In conclusion, I would like to thank Canada for helping expand my liquid palate. (And, yes, that includes you, Molson.)
This
weekend, we hosted our first official visitors!
My parents flew in to Seattle
for Memorial Day and, along with my brother, braved the holiday lines at the
border to drive up and see us. It was
the first time my dad has been to Vancouver
and, therefore, the first time we’ve ever been in the city as a complete family
<cue Full House music>.
Despite
a nasty head cold (that knocked me on my ass Thursday-Monday), I enjoyed spending
time with everyone. On Friday, we hit up
the Lookout tower (the Vancouver
equivalent of the Seattle Space Needle) and saw the newest Indiana Jones movie
at a downtown theatre. On Saturday, we
toured Stanley Park, drove both North Shore bridges, walked the Lynn Canyon
suspension bridge and stopped by Queen Elizabeth Park (joining dozens of neon-clad
high schoolers dressed up for prom). The
weather was perfectly sunny and breezy; we really couldn’t have asked for a
better three days.
And,
for those of you wondering, we were able to find places to feed my dad. Not that he needs to be...fed in the literal
sense, just that he’s a meat-and-potatoes guy, and this is not so much a
meat-and-potatoes town. But we hooked
him up with hamburgers, hot dogs, beef ravioli and prime rib. So you meat-lovers needn’t worry: you will be
welcome here!
On
Thursday night last week, Shane and I headed out to Commercial Drive – the “artsy” part of
town – for a series of concerts. The
Libra Room along the Drive was hosting four artists as part of the larger New
Music West event. I was particularly
interested in seeing Kensington Prairie, an off-shoot of local indie band Maplewood Lane
(whose music I know and love).
The
Libra Room presents live music every night, so the set-up is perfect for
performance. There is a small, foot-high
stage along the front window of the restaurant, creating an intimate feel for
the attendees and providing an intriguing peek inside for people passing by. We sat down at a table not 20 feet away from
the stage and ordered a few drinks and dessert (mmm, chocolate fondue).
Each
group went on for about 45 minutes. The
first two bands were from Australia
– one, a solo female act with a very funky, jazz sound and the other a male and
female duo that combined catchy keyboard hooks with a violin to create “gypsy
folk.” (Shane and I both preferred
the latter.) Kensington Prairie played
third, and I liked their soothing, country sound (very Hem-like) enough to buy
their debut CD after.
But
the most entertaining part of the night was the final band, an Icelandic group called Sprengjuhöllin. With five guys crammed on stage, they rocked
the joint with poppy, upbeat tunes, like a foreign meld of Belle &
Sebastian with Jimmy Eat World. They
were also hilarious; since most of the songs are in Icelandic,
they would makeup names for each piece to amuse the audience. Examples included Maple Syrup, Hockey Game (Vancouver Wins Over Montreal)

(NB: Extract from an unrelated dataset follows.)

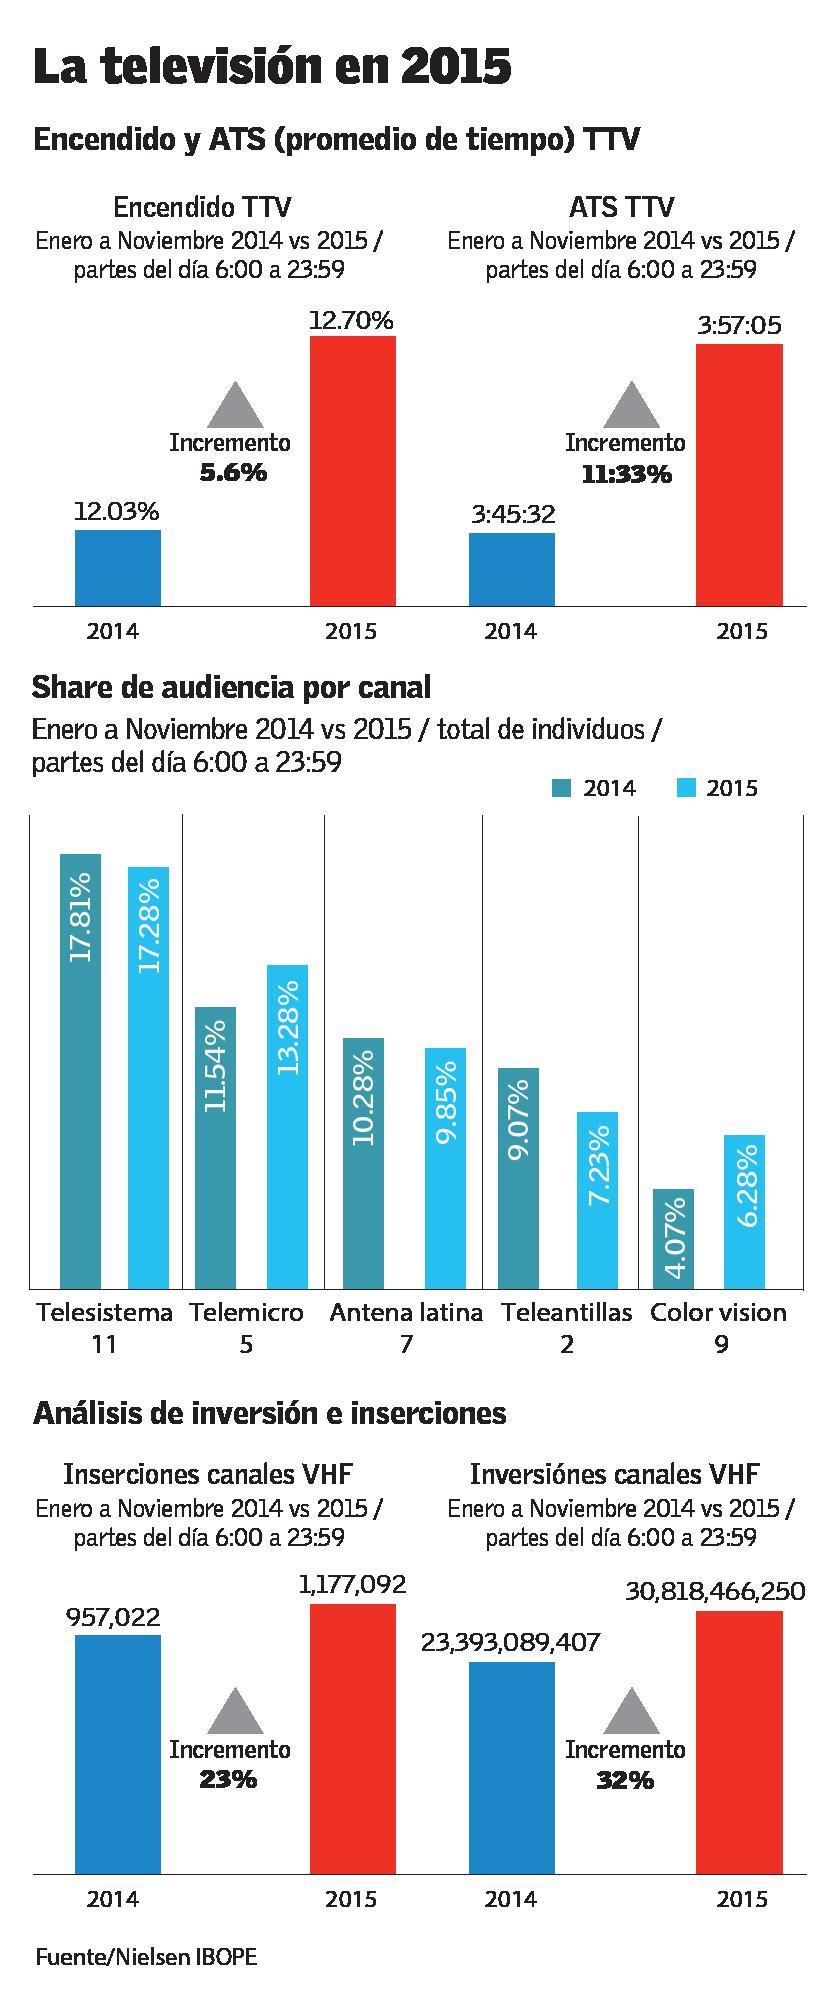 Telemicro y Color Visión lideraron el crecimiento en la televisión nacional en 2015

and Undress Me With Your Lazy Eye. Oh, and a song about “how the Canadian border
guards are all really nice and the American border guards are really mean and
evil.” Awesome (and also: true).
All in all, our virgin concert experience in Vancouver garners two thumbs up. And that doesn’t even factor in getting home at 12 a.m. and NOT HAVING TO WORK THE NEXT DAY. (Ah, the sometimes perks of unemployment.)